Monday, December 14, 2009

Otto raises the bar for retailers

A new model for producing clothing responsibly is taking shape in Bangladesh. Germany's Otto Group, the world's largest mail order company, has partnered with Nobel Laureate Muhammad Yunus' Grameen Trust to set-up "the factory of the future."

Otto and Grameen have formed a joint-venture to establish Otto Grameen Textile Company in Dhaka, Bangladesh. The factory will produce clothing for export under socially and ecologically sustainable conditions, according to Otto.

Otto is providing interest-free loan for the project to cover the cost of setting up and running the factory. The loan will be paid back in 10-15 years from the profits of the factory. The factory will initially hire 500-700 workers with plans to expand in phase-two.

The company says that the profits will not be distributed to shareholders. The profits will serve to expand and modernise the company, and to pursue social objectives locally. The earnings will be used to offer healthy lunch for workers, set-up daycare centres for workers' children, and launch educational and health care initiatives for workers and their families.

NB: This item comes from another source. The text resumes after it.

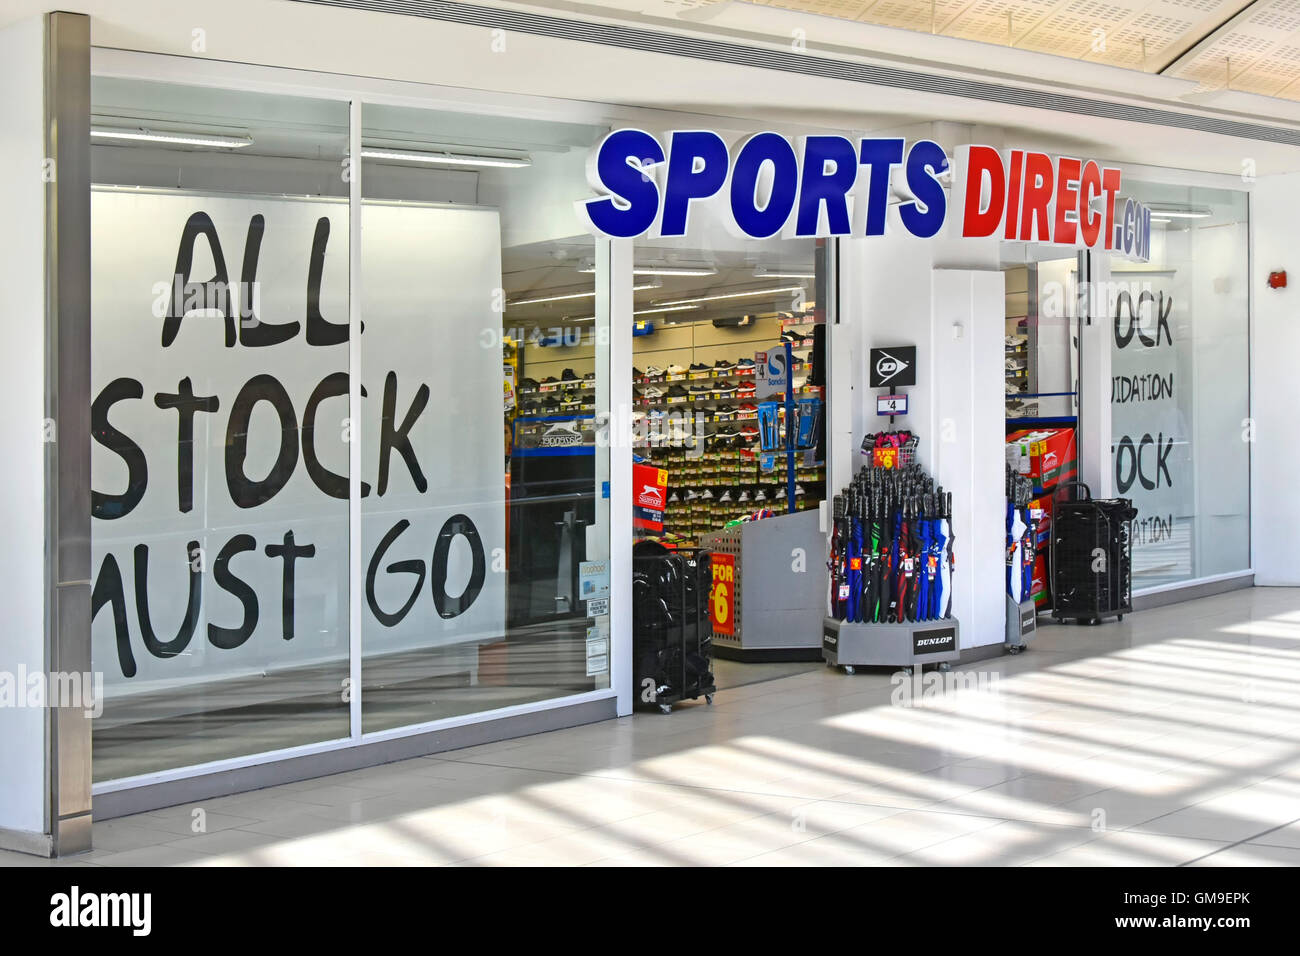 Sports Direct shop front indoor shopping Mall 'All Stock Must Go' slogan banners in store window at Intu Lakeside shopping centre Thurrock Essex UK Stock Photo

On the environmental front, the factory will be carbon neutral. The company says that the ecologically-optimised, CO2 neutral building will be fitted with the most up-to-date insulation, energy-saving lighting and optimised air-conditioning systems, paying special attention to the use of renewable energies.

Dr. Michael Otto, Chairman of the Supervisory Board of the Otto Group says: "The Grameen Otto Textile Company will show that it really is possible to reconcile ecological and social criteria with economic goals. It should become a model for textile production in Bangladesh and for similar factories all around the world."

The plan includes expanding the number of factories across Bangladesh over time and even spread to other countries.

What Otto has committed to do is revolutionary and sets a new benchmark for retail brands who often don't do more than lip service when it comes to the welfare of workers and their families. The big question is: will socially conscious customers flock to stand behind Otto?